We kennen Gordon Murray als de vader van de legendarische McLaren F1. Die was in de jaren negentig de snelste productieauto ter wereld en raakte zijn titel pas kwijt toen de Bugatti Veyron ten tonele verscheen. In 2020 kreeg de F1 een spirituele opvolger in de vorm van de Gordon Murray Automotive T.50. Murray is niet bescheiden over zijn creatie. Hij noemt de V12 in de T.50 de beste twaalfcilinder ooit gebouwd. Niet verwonderlijk dus dat het 3,9-liter blok van Cosworth ook terug te vinden is in de nieuwe T.33.
'De beste V12 ooit'
Omdat de nieuwe allround-supercar onder de T.50 wordt gepositioneerd, is het vermogen van ''s werelds beste V12' wel iets teruggeschroefd. De T.33 moet het doen met 50 pk minder dan zijn grote broer. Al is een vermogen van 615 pk nog steeds niet iets om over te klagen. De twaalfcilinder is extreem hoogtoerig. De begrenzer grijpt pas bij 11.100 tpm in. Iets daarvoor - bij 10.500 tpm - komt het maximale vermogen van de slechts 178 kg wegende krachtbron vrij.
Naadloos schakelen
Volgens GMA accelereert de T.33 naadloos naar hoogst illegale snelheden, met dank aan een automatische zesbak, die is ontwikkeld door de Britse transmissiespecialist Xtrac. De versnellingsbak heeft geen dubbele koppeling en weegt daardoor slechts 78 kilo. GMA beweert dat het de lichtste automaat ter wereld is. Volgens Xtrac zorgt het zogenaamde Instantaneous Gearchange System (IGS) ervoor dat de bak naadloos van verzet wisselt.

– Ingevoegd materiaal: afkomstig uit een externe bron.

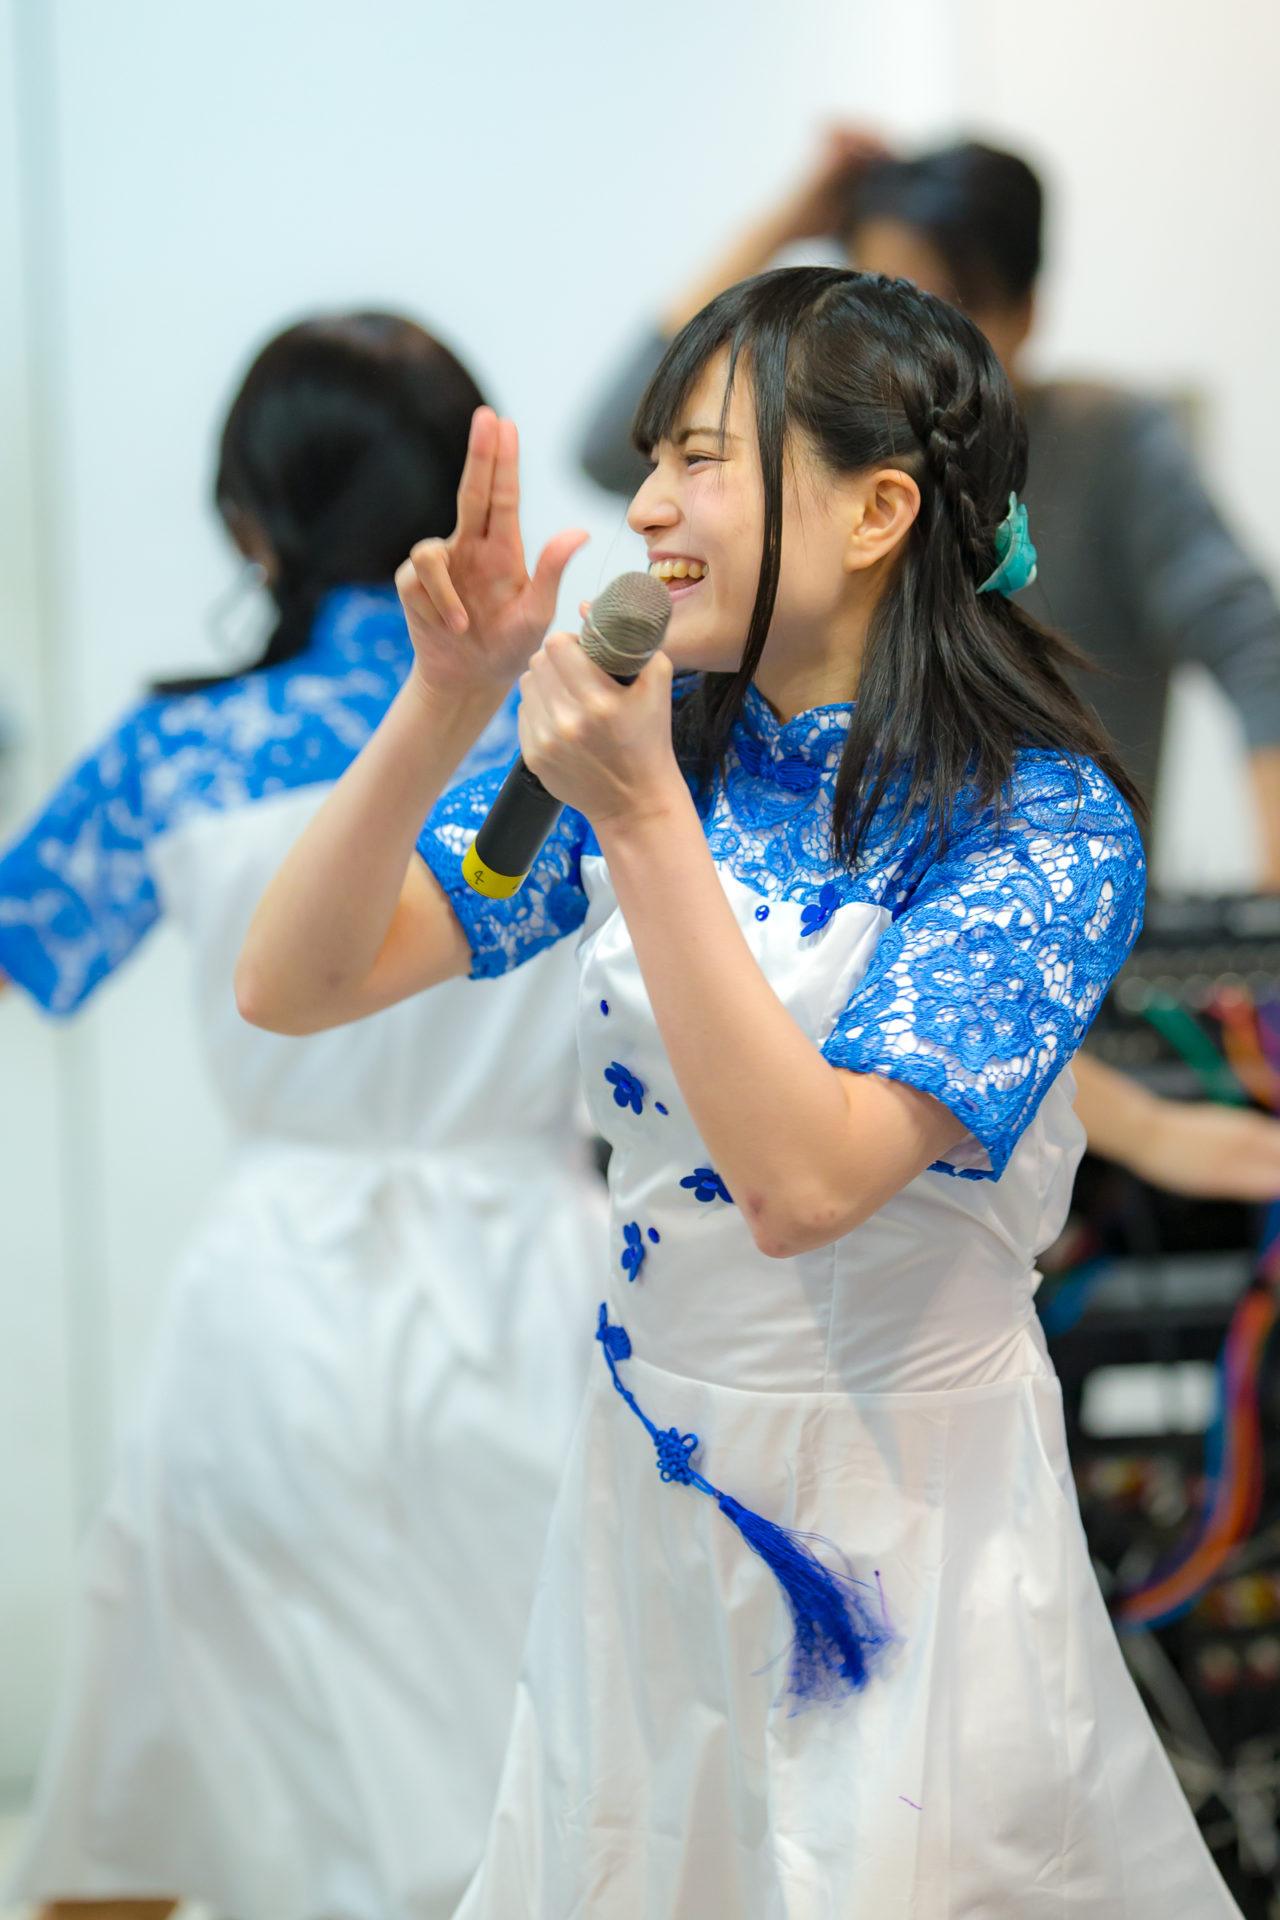 2代目HAPPY少女♪ あゆみ ( 新谷亜由美 ) | HMVプレゼンツライブプロマンスリーLIVE

Niks geen overdreven spoilerwerk
In tegenstelling tot de T.50 heeft de T.33 geen ventilator aan de achterkant. Toch beschikt ook die laatste over een uitgekiend aerodynamicapakket. Door handig gebruik te maken van de luchtstromen aan de onder- en achterkant van de auto, ontstaat er een grondeffect waardoor de auto als het ware aan het wegdek blijft plakken. Overdreven spoilers, splitters en diffusers zijn hierdoor niet nodig. Enkel een subtiele, beweegbare spoiler op de bilpartij is voldoende om de T.33 van genoeg downforce te voorzien.
Hert interieur is puur functioneel
Net als het uiterlijk is ook de binnenzijde zo eenvoudig mogelijk gehouden. GMA hamert er op dat alles in de T.33 puur functioneel is. Zaken als touchscreens of stengels voor de richtingaanwijzer schitteren door afwezigheid. De knipperlichten zijn te bedienen met knoppen op het stuur. De T.50 en diens legendarische voorvader, de McLaren F1, beschikten over een centraal geplaatste stuurpositie, en twee passagiersstoelen iets verder achterin de koolstofvezel monocoque. Dat is bij de T.33 niet het geval. Net als in conventionele supercars zit je gewoon links (of rechts) in de cabine, en is er plek voor één gelukkige bijrijder.
1.65 miljoen
Slechts honderd exemplaren worden er gebouwd van de T.33. GMA vraagt omgerekend 1.65 miljoen euro (exclusief belastingen) voor zijn kersverse allrounder. Dat is een flinke smak geld. Misschien moet je die andere supercars in je garage dus maar verkopen. De T.33 maakt ze overbodig, toch?